"We shouldn't any of us be afraid of teaching protective measures to save lives"
About this Quote
"Be afraid" is doing heavy lifting. Fear here isn't just personal anxiety; it's social punishment - the dread of being labeled paranoid, political, or naive for advocating safety practices. By naming fear rather than ignorance, Douglas implies most people already know what to do; they just don't want the heat that comes with saying it out loud. The line also treats "teaching" as the intervention, not policing. That choice signals trust in knowledge and routine over surveillance and punishment, a subtle but significant ideological tilt.

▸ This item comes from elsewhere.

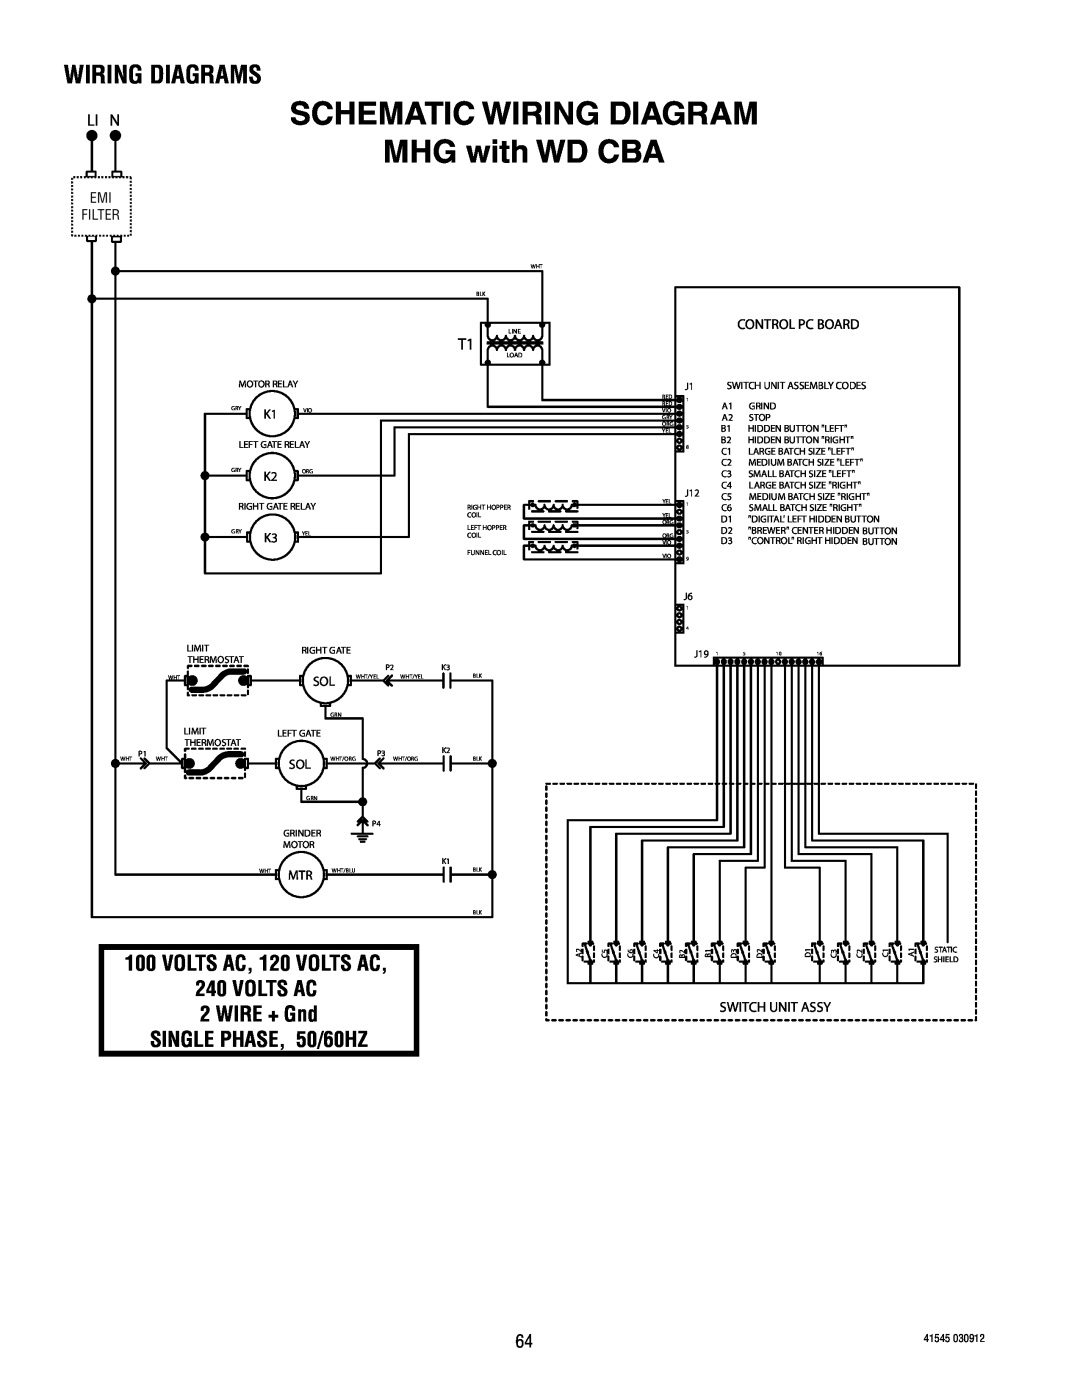 Bunn LPG-2, G9 SCHEMATIC WIRING DIAGRAM MHG with WD CBA, Wiring Diagrams, VOLTS AC, 120 VOLTS AC 240 VOLTS AC 2 WIRE + Gnd 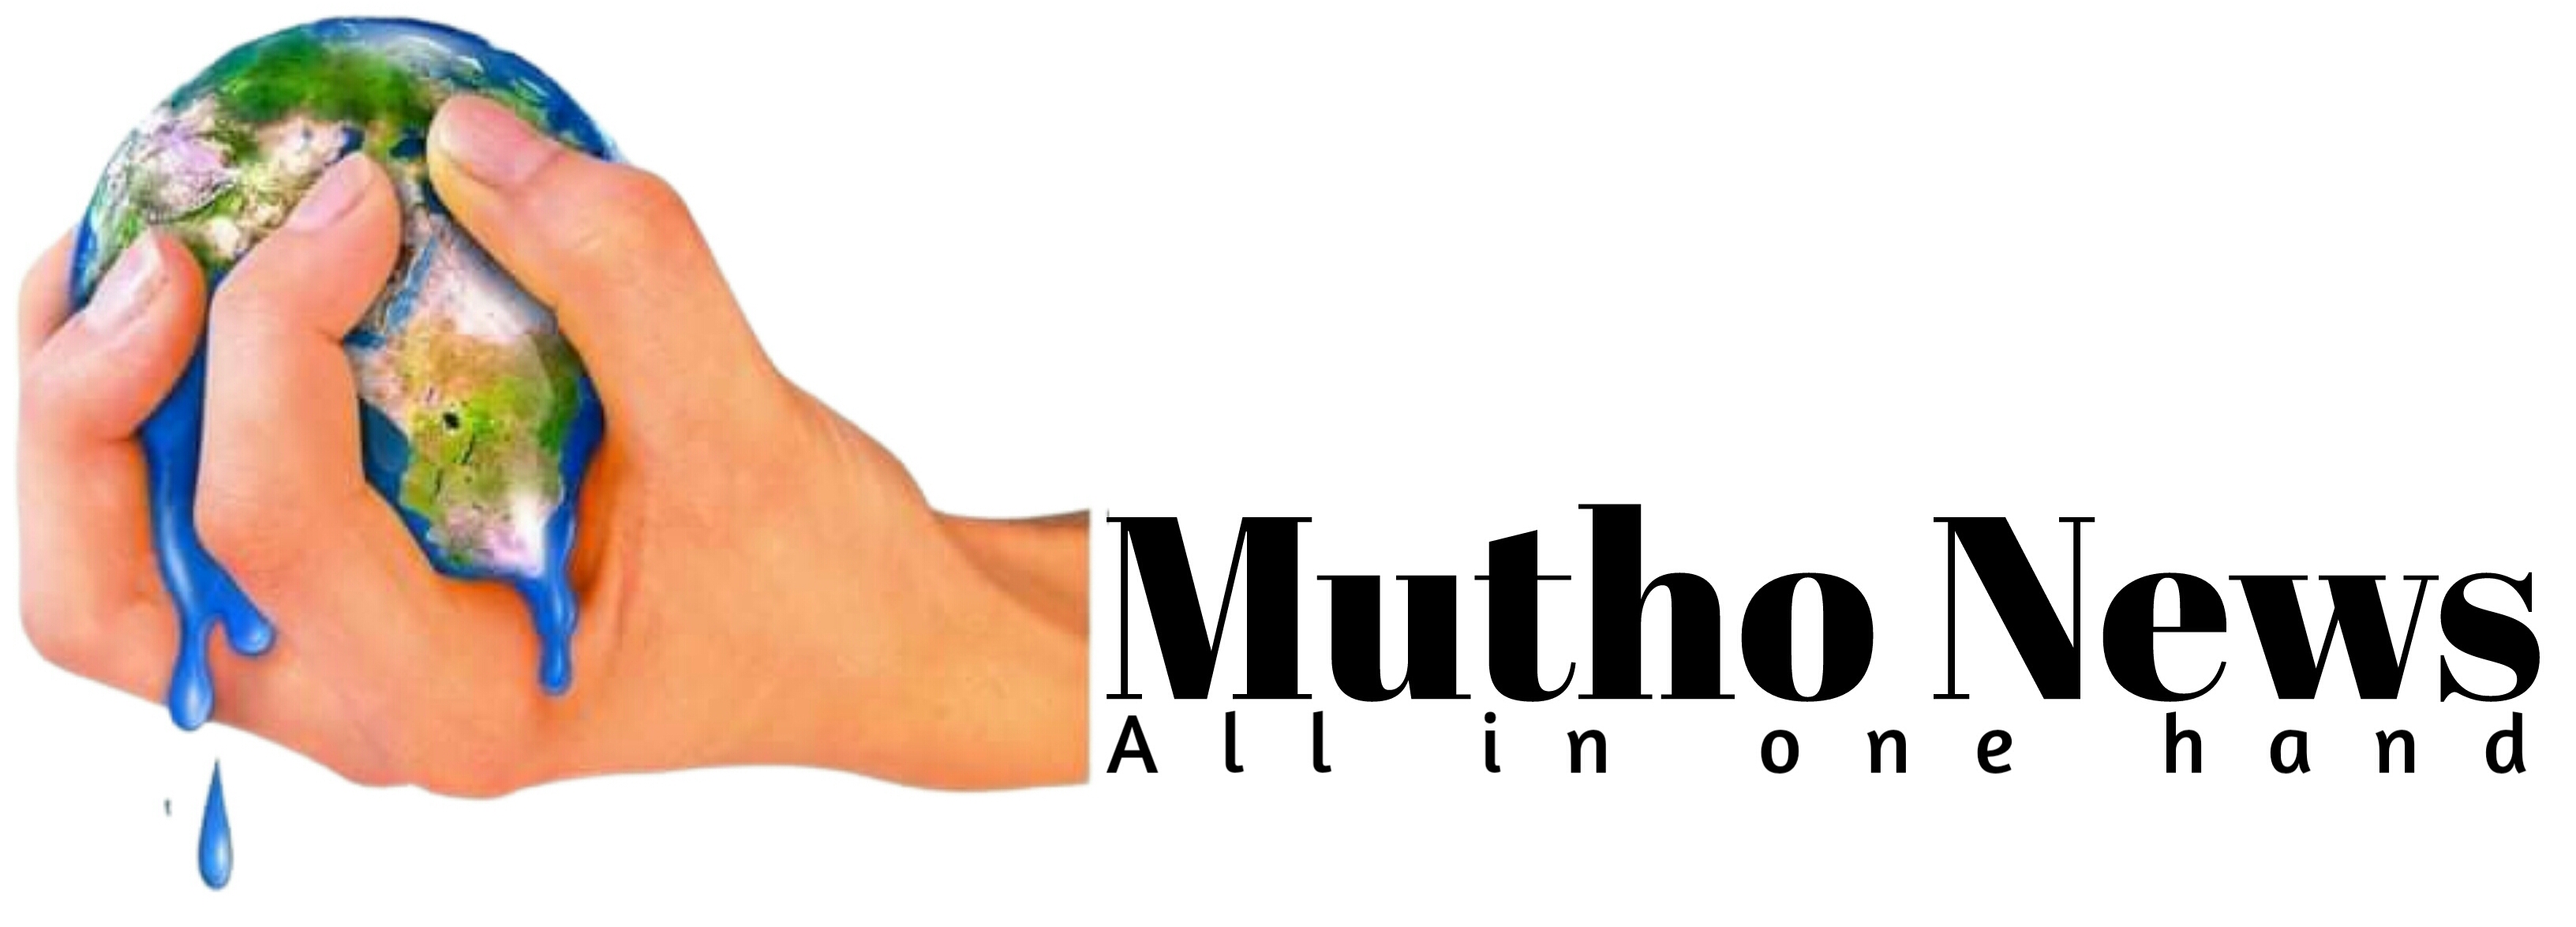 Mutho News logo.jpg

The phrase "protective measures" is an intentional umbrella. It can comfortably cover everything from masks to sex ed to seatbelts to consent training - any domain where prevention is mocked as overreaction until the harm is undeniable. As a celebrity rather than a scientist or official, Douglas's authority isn't technical; it's cultural. The intent is normalization: to make life-saving habits feel like ordinary caretaking, and to recast public safety not as a partisan signal but as a basic, teachable skill.
Quote Details
| Topic | Teaching |
|---|---|
| Source | Help us find the source |
| Cite |
Citation Formats
APA Style (7th ed.)
Douglas, Kyan. (2026, January 16). We shouldn't any of us be afraid of teaching protective measures to save lives. FixQuotes. https://fixquotes.com/quotes/we-shouldnt-any-of-us-be-afraid-of-teaching-113974/
Chicago Style
Douglas, Kyan. "We shouldn't any of us be afraid of teaching protective measures to save lives." FixQuotes. January 16, 2026. https://fixquotes.com/quotes/we-shouldnt-any-of-us-be-afraid-of-teaching-113974/.
MLA Style (9th ed.)
"We shouldn't any of us be afraid of teaching protective measures to save lives." FixQuotes, 16 Jan. 2026, https://fixquotes.com/quotes/we-shouldnt-any-of-us-be-afraid-of-teaching-113974/. Accessed 12 Feb. 2026.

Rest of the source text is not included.